The Judge was impressed that the initial test result did not cause my client to use it. By this time, Mr. Deaver had disclosed that the client had suffered a traumatic injury that occurred years prior when he was working aboard his father’s fishing boat and fell into the fish hold while in rough seas. He was flown to the mainland for emergency medical treatment and had suffered depression and schizophrenic ideation (he heard voices) ever since. His mental health status was never identified in the prior felony cases that had sent him to prison.
What happened then was nothing short of miraculous! My client embraced therapy and drug and alcohol recovery. He completed the program and chose to stay beyond the minimum 6-month program. He stayed in counseling.
The judge was looking for a way to grant probation despite my client having a strike prior, which was also a “proposition 8” serious felony prior conviction. Even in 2017, the common belief held by the judges and prosecutors (and even defense attorneys) was that the judge had the authority under California Penal Code Section 1385 to dismiss Strike priors under the case of the People v. Romero (1996) 13 Cal 4th 497. But, the court did not have the authority to dismiss a serious or violent prior alleged pursuant to California Penal Code Section 186.22(b)(1)(c).
Judge Chatman cited the case of People v. Aubry (1998) No. G021616, Fourth District, Division Three, June 25, 1998, which took up the issue of whether Section 667(a) deprives the trial court of discretion to grant probation to a defendant who is otherwise eligible for probation. “We conclude that it does not and reverse.”
I needed to bring a Romero Motion, which I had already planned, but the judge had found the authority that she needed. And, she was predisposed to grant the Romero Motion and to strike the “prop 8 prior” pursuant to; The People v. Aubrey (supra) and California Penal Code Section 1385.
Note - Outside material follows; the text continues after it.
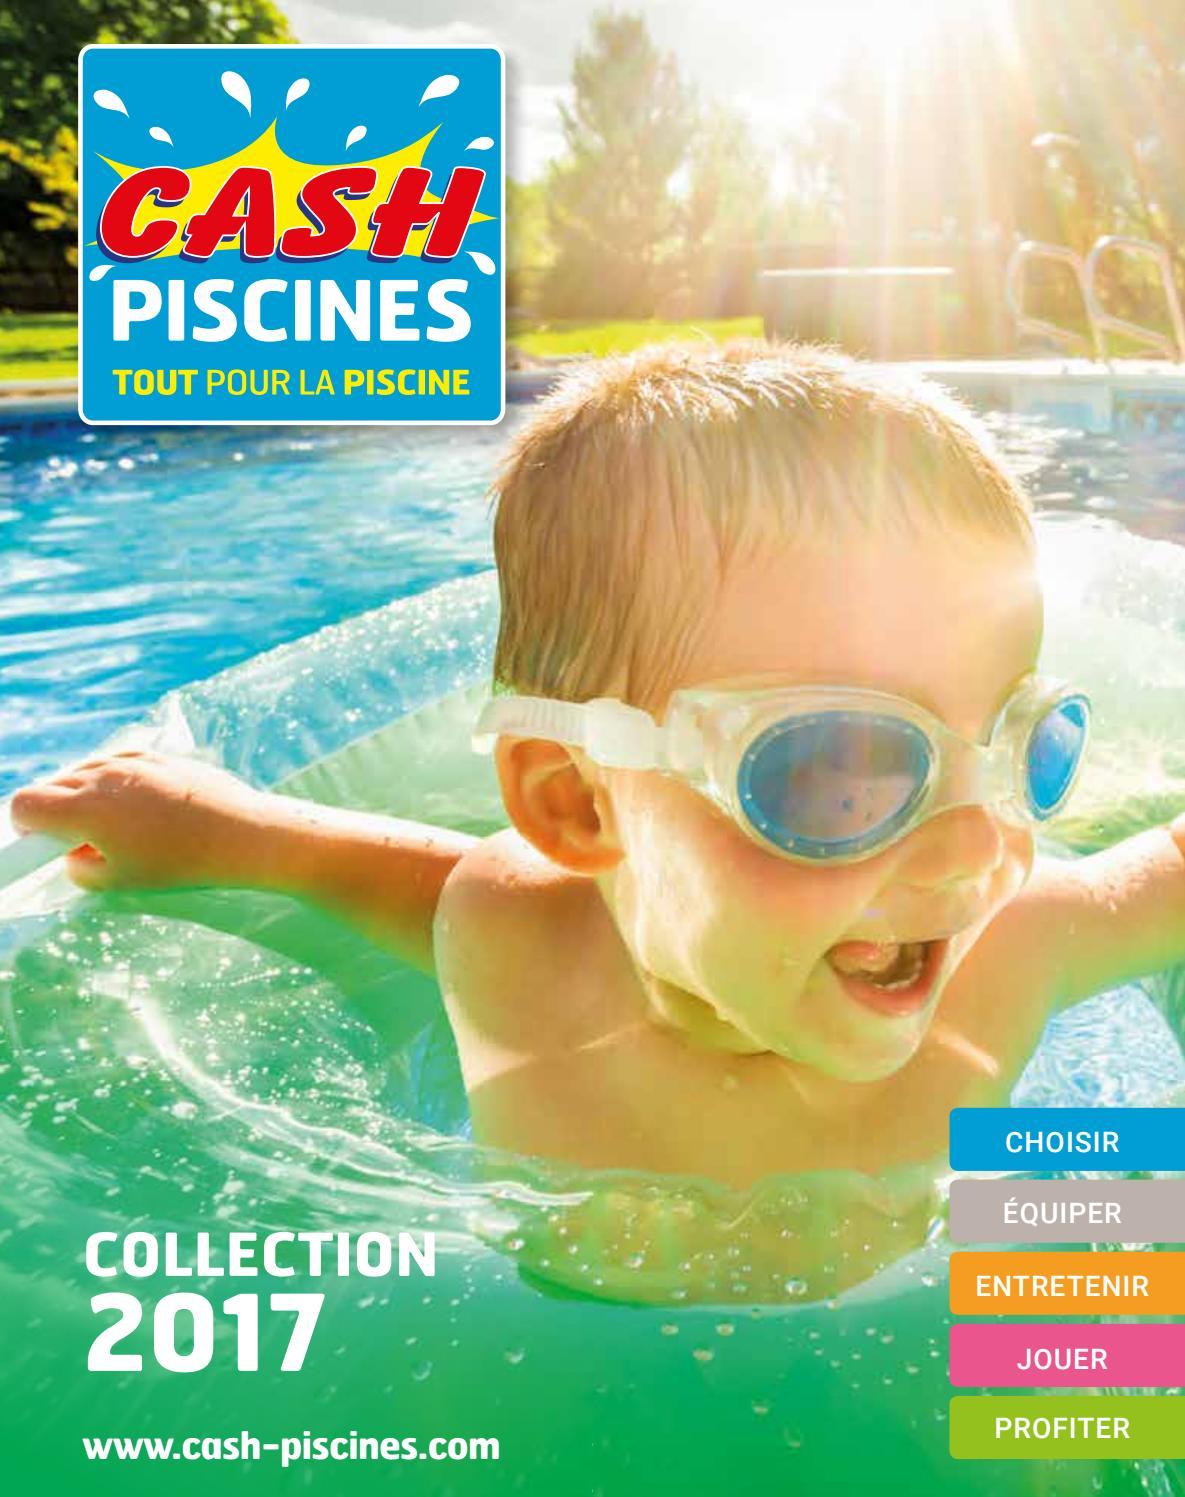 Catalogue Cash Piscine 2017 By Octave Octave - Issuu serapportantà Cash Piscine Toulon

The real miracle came in the form of my client’s letter to probation and to the judge. He wrote that he is grateful and appreciative of his counselors and of his sponsor and then his conscious contact with God. In the last paragraph of his letter he wrote:
“My sponsor told me that, “Willingness is the key that will open all of the doors. He could sense that I was very close to discovering higher power. And, as I got up to step 3 and through meditation, I found and learned to connect with my higher power. I became more appreciative and grateful. Things started to make more sense to me. I became alive. The air smelled beautiful. My surroundings became more vivid. Nature looked and felt wonderful! I felt good as a human being for the first time in a long time. I began to understand the “miracle” that my sponsor was talking about.”
This is the most amazing description of recovery and lifting the “cloud of depression” that I have ever read. All this from a man who barely spoke at all when he first entered counseling and Amicus House!
Judge Chatman granted probation to this improbable client, who has successfully completed probation is newly married and living with a daughter from a previous marriage.